En 1972, il prononce devant le Pen Club International un discours dénonçant le blocus américain contre le Chili. Géographie infructueuse (Geografía infructuosa, 1972) paraît en mai à Buenos Aires: pressentant sa proche agonie, le poète s'interroge sur sa vie et sur son oeuvre poétique. Renonçant à son poste, il quitte la France le 20 novembre 1972 et rentre au Chili avec Mathilde Urrutia. Son peuple l'accueille triomphalement à Santiago. Ses oeuvres, au fil des ans, n'ont pas cessé de voir le jour, tout imprégnées des péripéties d'une vie tumultueuse et généreuse: «Je déclare ici que personne n'est passé près de moi qui ne m'ait partagé. J'ai brassé jusqu'au coude et rebrassé dans une adversité qui n'était pas faite pour moi dans le malheur des autres.»

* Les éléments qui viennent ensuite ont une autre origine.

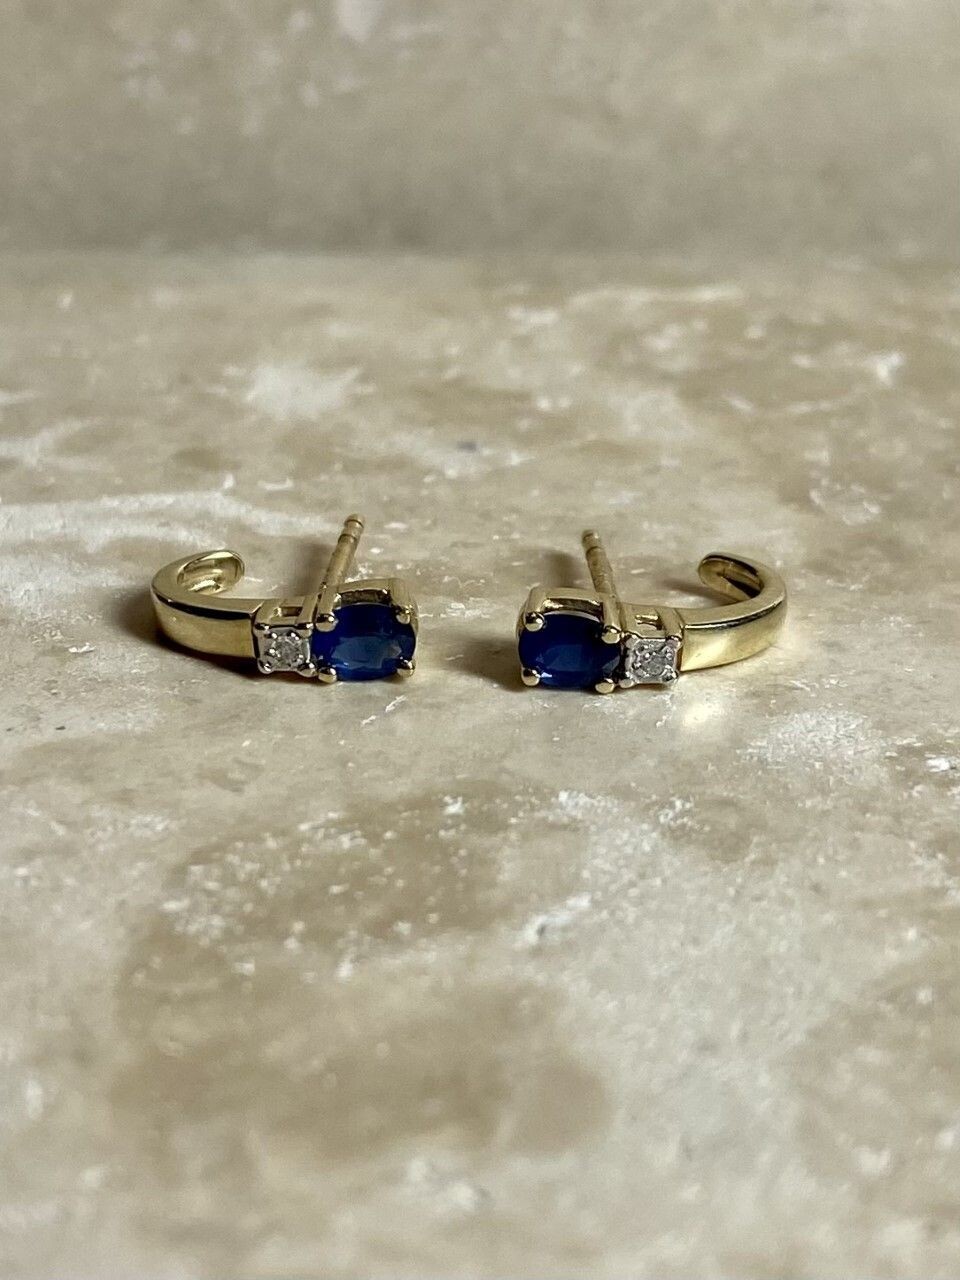 Golden earrings with blue sapphire
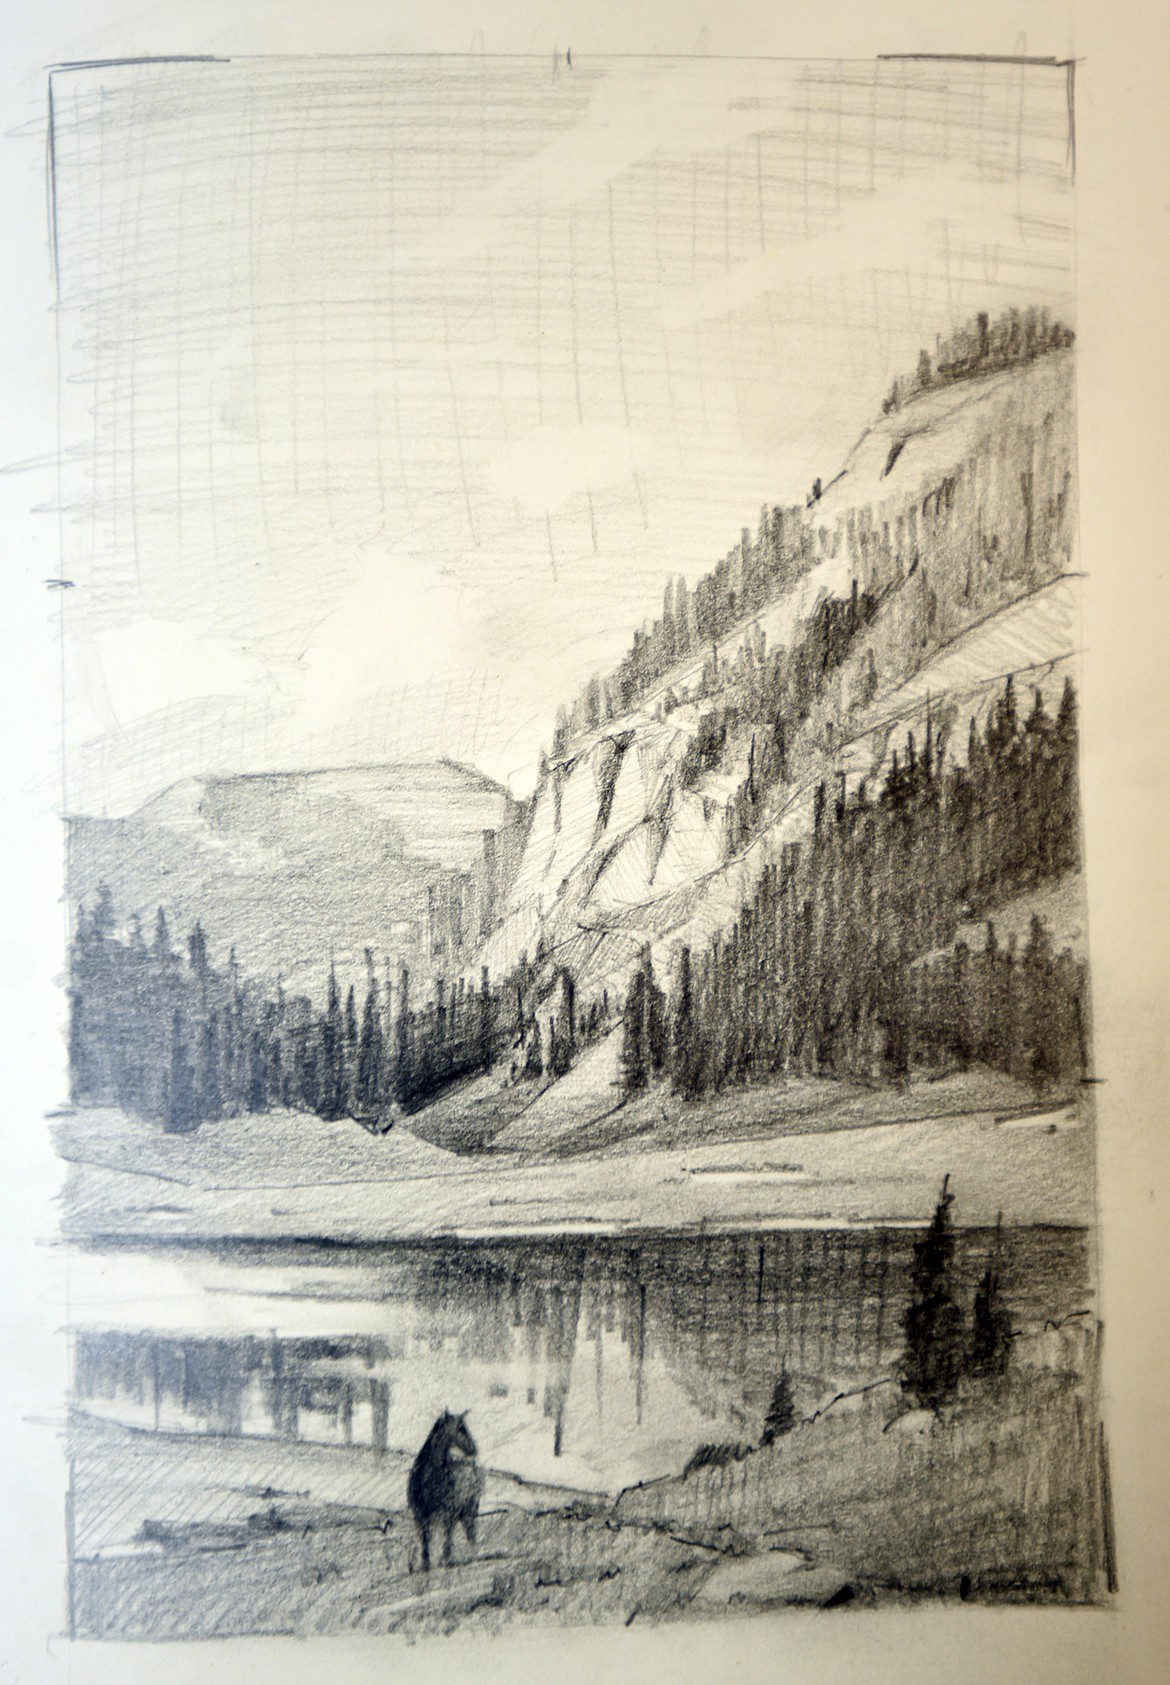 A SKETCH of what would eventually become an oil paning, both done by Richie Carter. The sketchbook and painting are on display at the Hockaday Museum of Art in Kalispell. (Brenda Ahearn/This Week in the Flathead)

En 1973, Neruda participe à la campagne pour les élections de mars en écrivant Incitation au nixonicide et éloge de la révolution chilienne (Incitación al nixonicidio y alabanza de la revolución chilena, 1973); tout en chantant l'Océan et Quevedo, il fustige dans de courts pamphlets les «politicards» et les «larrons». Le 11 septembre, un putsch militaire renverse le gouvernement de l'Unité populaire. Allende est assassiné à la Moneda.


Le 24 septembre 1973, Pablo Neruda meurt à Santiago. Ses obsèques se déroulent en présence de l'armée: des chants jaillissent de la foule, témoignant, par-delà la mort, du pouvoir subversif de la poésie.